Thy husband Menelaus hither bring,

Compare our shapes, our years, and everything,

I make you judgess, wrong me if you can,

You needs must say I am the properer man.

None of my line hath turned the sun to blood

And robbed his steeds of their ambrosial food.

My father grew not from the Caucase rock,



Nor shall I graft you in a bloody stock.

Priam ne’er wronged the guiltless soul, or, further,

Made the Myrtoan sea look red with murder.

Nor thirsteth my great-grand-sire in the lake

Of Lethe, chin-deep, yet no thirst can slake;

Nor after ripened apples vainly skips,

Who fly him still and yet still touch his lips.

But what of this? If he be so derived,

You, notwithstanding, are no right deprived,

You grace your stock and being so divine,

Myrtoan is a part of the sea betwixt the Ionium and Egeum


Jove is of force compelled into his line.


   O mischief! Whilst I vainly speak of this,

Your husband, all unworthy of such bliss,

Enjoys you this long night, enfolds your waist

And where he list may boldly touch and taste.

So when you sat at table, many a toy

Passeth between you my vexed soul t’annoy.

At such high feasts I wish my enemy sit,

Where discontent attends on every bit;

I never yet was placed at any feast



But oft it irked me that I was your guest.

That which offends me most, thy rude lord knows,

For still his arm about thy neck he throws,

Which I no sooner spy but I grow mad

And hate the man, whose courting makes me sad.

Shall I be plain? I am ready to sink down

When I behold him wrap you in his gown,

While you sit smiling on his amorous knee,

His fingers press where my hands itch to be;

But when he hugs you, I am forced to frown,



The meat I am eating will by no means down

But sticks half way. Amidst these discontents,

I have observed you laugh at my laments

And with a scornful, yet a wanton smile,

Deride my sighs and groans. Oft to beguile

My passions and to quench my fiery rage,

By quaffing healths I’ve thought my flame t’assuage,

But Bacchus’ full cups make my flame burn higher:

Add wine to love and you add fire to fire.
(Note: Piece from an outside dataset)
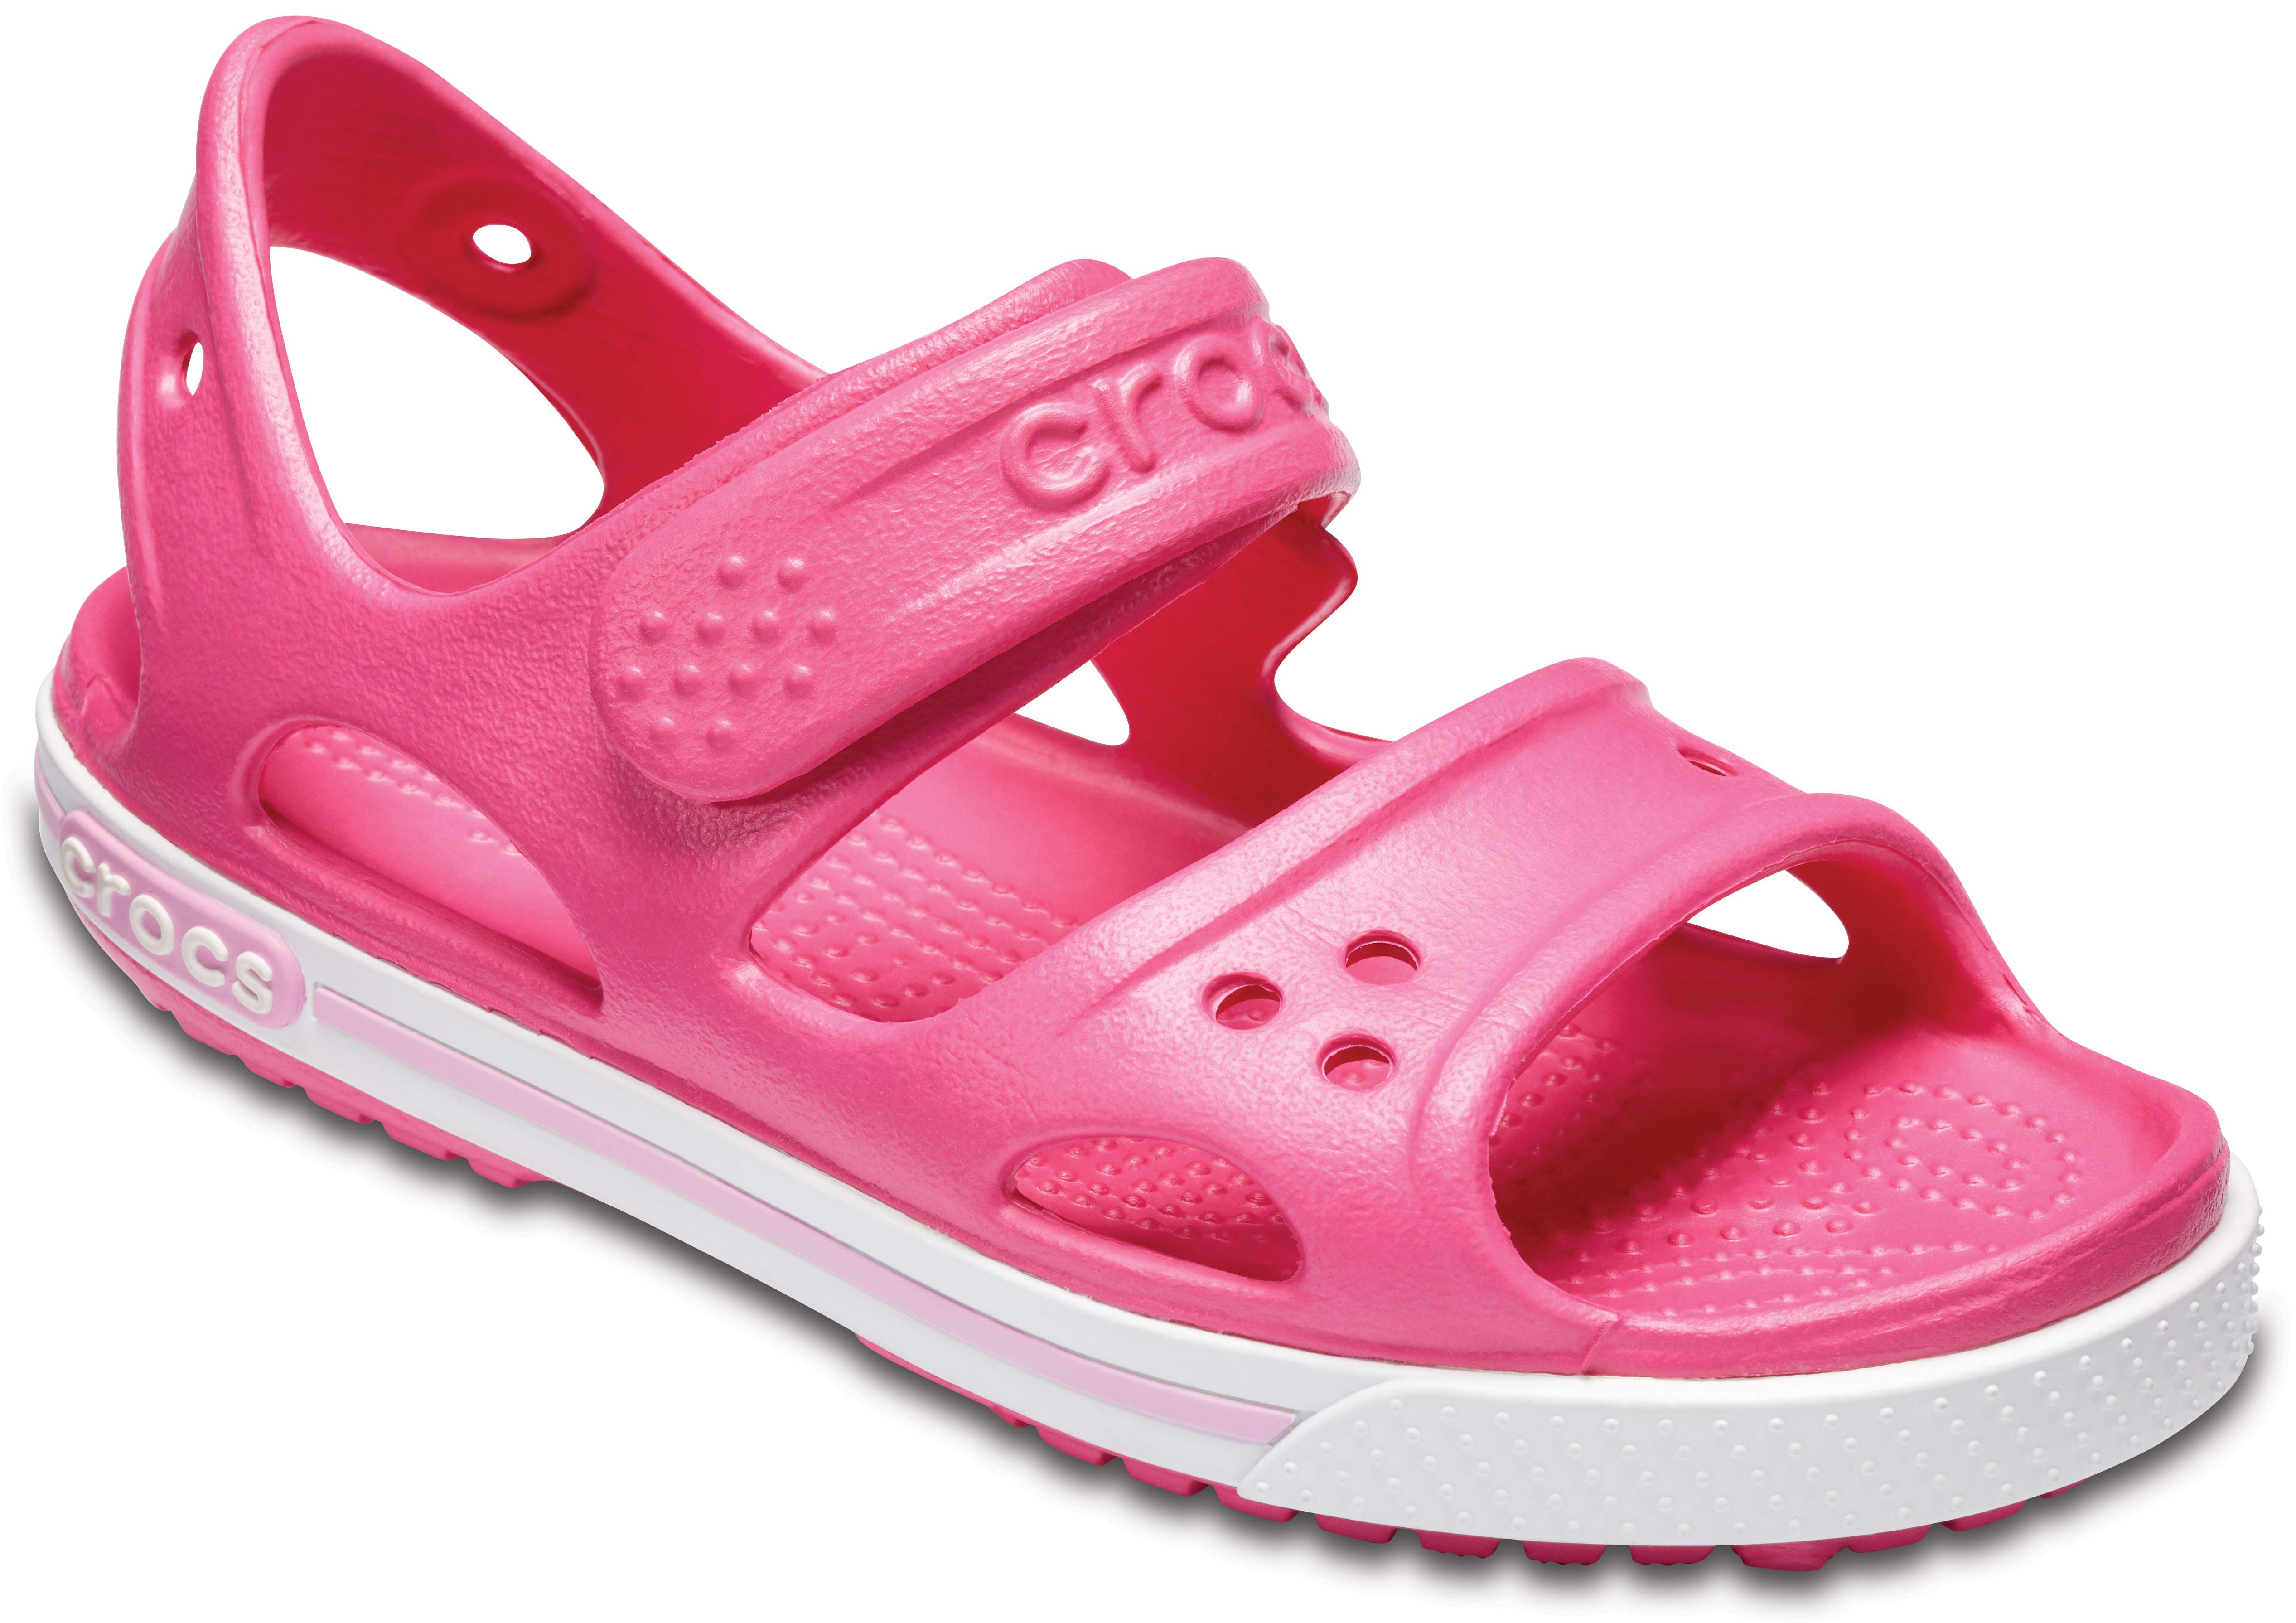 crocs crocband sandals
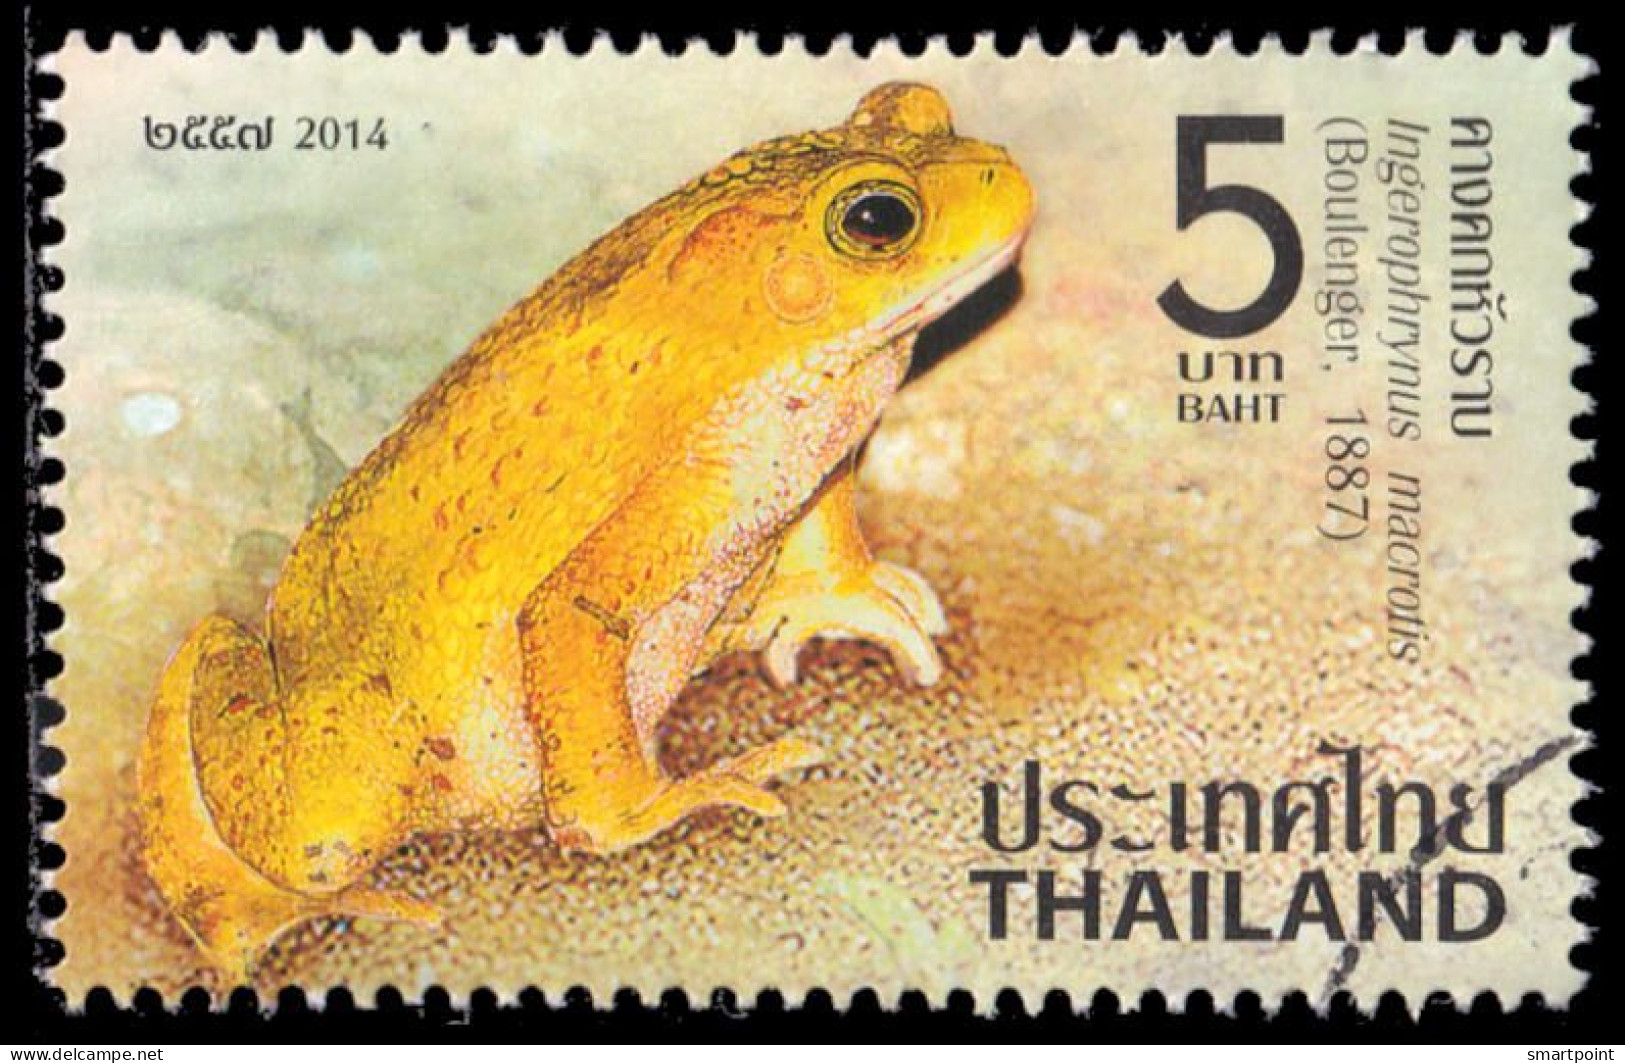 Thailand Stamp 2014 Amphibians 5 Baht - Used - Thailand

To shun the sight of many a wanton feat



Betwixt your lord and you, I shift my seat

And turn my head, but thinking of your grace,

Love screws my head to gaze back on your face.

What were I best to do? To see you play

Mads me, and I perforce must turn away;

And to forbear the place where you abide

Would kill me dead, should I but start aside.

As much as lies in me I strive to bury

The shape of love; in mirth’s spite I seem merry.

But O, the more I seek it to suppress,



The more my blabbing looks my love profess.


   You know my love, which I in vain should hide;

Would God it did appear to none beside!

O, Jove, how often have I turned my cheek

To hide th’apparent tears that passage seek

From forth my eyes, and to a corner stepped

Lest any man should ask wherefore I wept.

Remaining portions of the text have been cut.